Key elements of FMEA

Failure Mode 

  • The term “failure mode” combines two words that both have unique meanings.
    • The Concise Oxford English Dictionary defines the word “failure” as the act of ceasing to function or the state of not functioning.
    • “Mode” is defined as a way in which something occurs

 

A “failure mode” is the manner in which the item or operation potentially fails to meet or deliver the intended function and associated requirements.

  • may include failure to perform a function within defined limits
  • inadequate or poor performance of the function
  • intermittent performance of a function
  • and/or performing an unintended or undesired function

Example: Monitor of computer system not powering on

Effect

An “effect” is the consequence of the failure on the system or end user.

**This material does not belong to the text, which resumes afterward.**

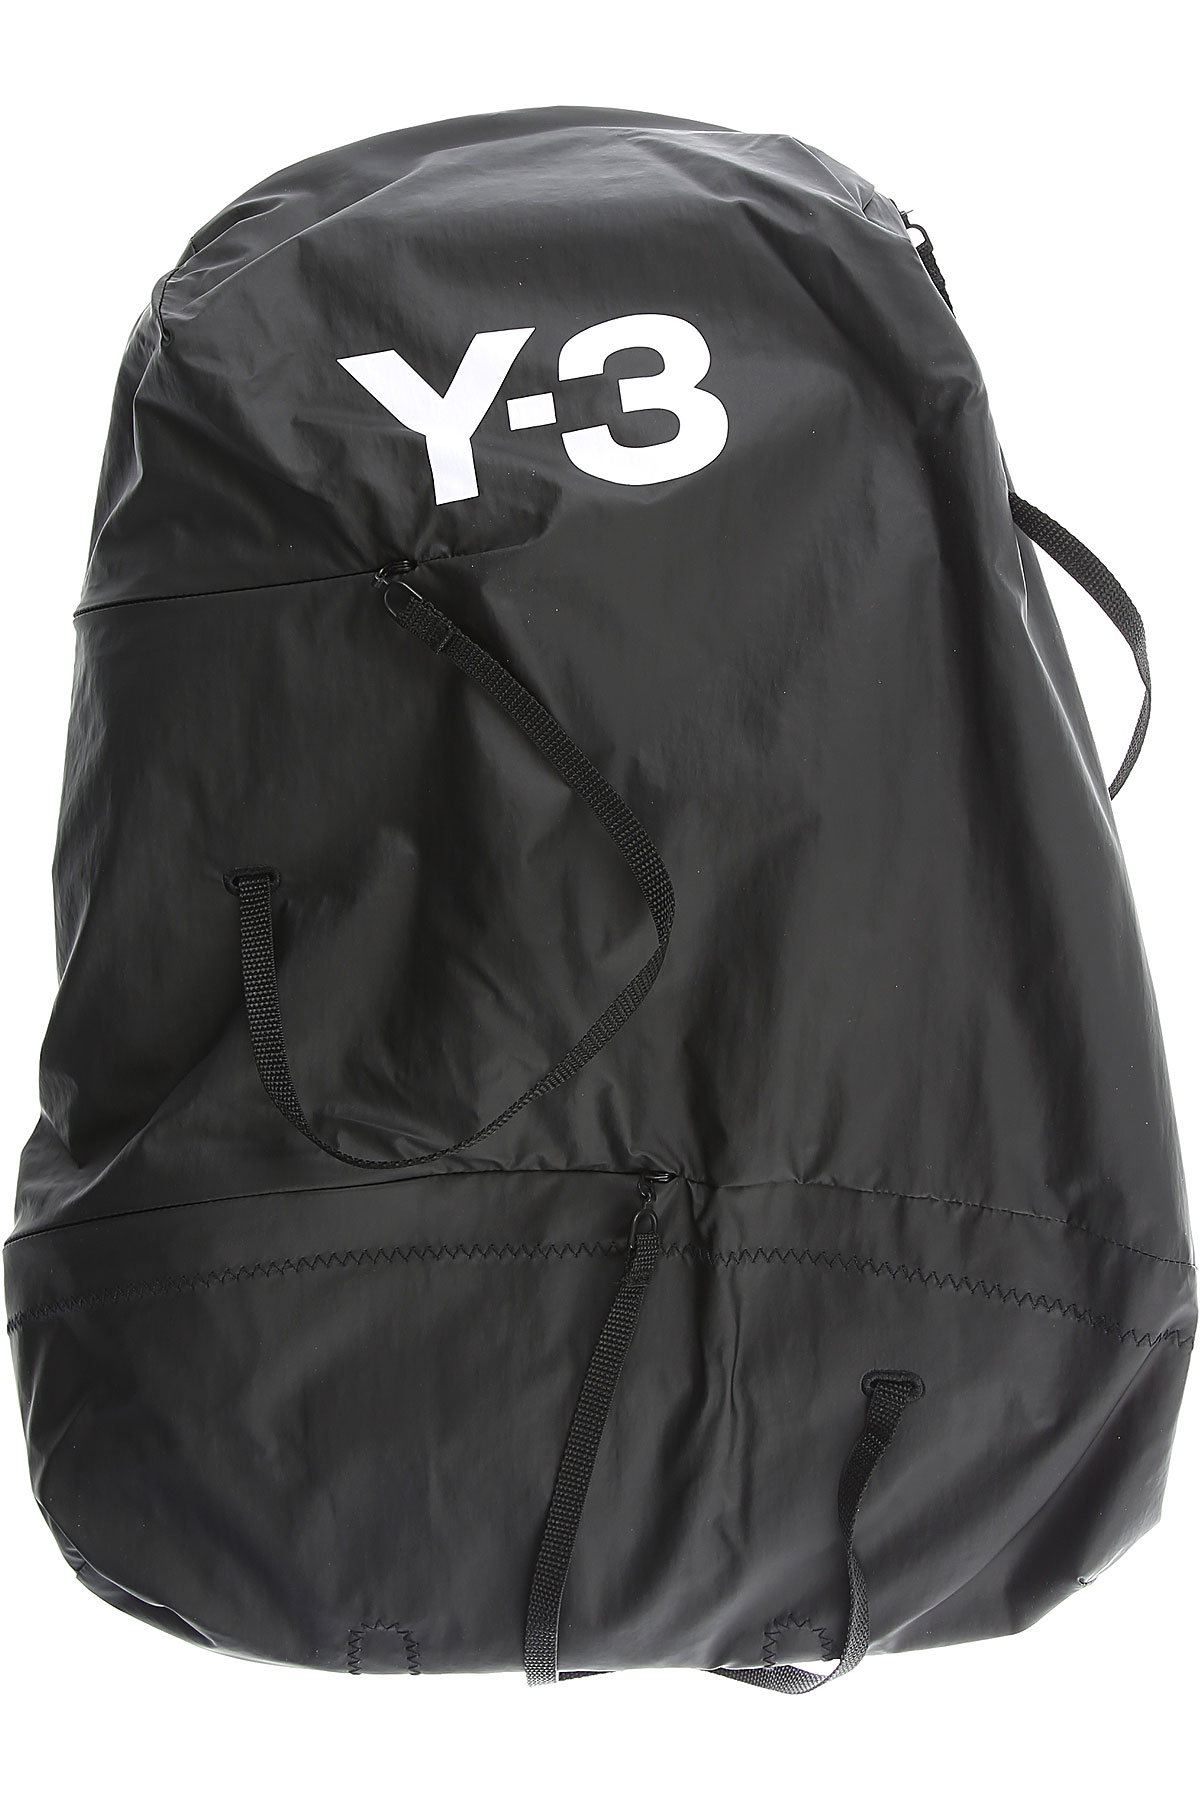 Y3 by Yohji Yamamoto Sac à Dos Homme, Noir, Nylon, 2017

  • This can be a single description of the effect on the top-level system and/or end user, or three levels of effects (local, next-higher level, and end effect)
  • For Process FMEAs, consider the effect at the manufacturing or assembly level, as well as at the system or end user.
  • There can be more than one effect for each failure mode. However, typically the FMEA team will use the most serious of the end effects for the analysis.

Example: Bicycle wheel does not slow down when the brake lever is pulled potentially resulting in accident

Severity 

  • “Severity” is a ranking number associated with the most serious effect for a given failure mode
    • based on the criteria from a severity scale.
    • a relative ranking within the scope of the specific FMEA
    • determined without regard to the likelihood of occurrence or detection.

Cause 

A “cause” is the specific reason for the failure, preferably found by asking “why” until the root cause is determined.

  • For Design FMEAs, the cause is the design deficiency that results in the failure mode.
  • For Process FMEAs, the cause is the manufacturing or assembly deficiency that results in the failure mode.
  • at the component level, cause should be taken to the level of failure mechanism.
  • if a cause occurs, the corresponding failure mode occurs.
  • There can be many causes for each failure mode.

Example: Power Cable is torn

Occurrence 

“Occurrence” is a ranking number associated with the likelihood that the failure mode and its associated cause will be present in the item being analyzed.

  • For System and Design FMEAs, consider the likelihood of occurrence during the design life of the product.
  • For Process FMEAs consider the likelihood of occurrence during production.
  • based on the criteria from the corresponding occurrence scale.
  • has a relative meaning rather than absolute value, determined without regard to the severity or likelihood of detection.

Controls

“Controls” are the methods or actions currently planned, or are already in place, to reduce or eliminate the risk associated with each potential cause.

  • Controls can be the methods to prevent or detect the cause during product development, or actions to detect a problem during service before it becomes catastrophic.
  • There can be many controls for each cause.

    Preventive Controls

  • For System or Design FMEAs, prevention-type design controls describe how a cause, failure mode, or effect in the product design is prevented based on current or planned actions
    • they are intended to reduce the likelihood that the problem will occur, and are used as input to the occurrence ranking.
    • Example: Cable material selection based on ANSI #ABC. 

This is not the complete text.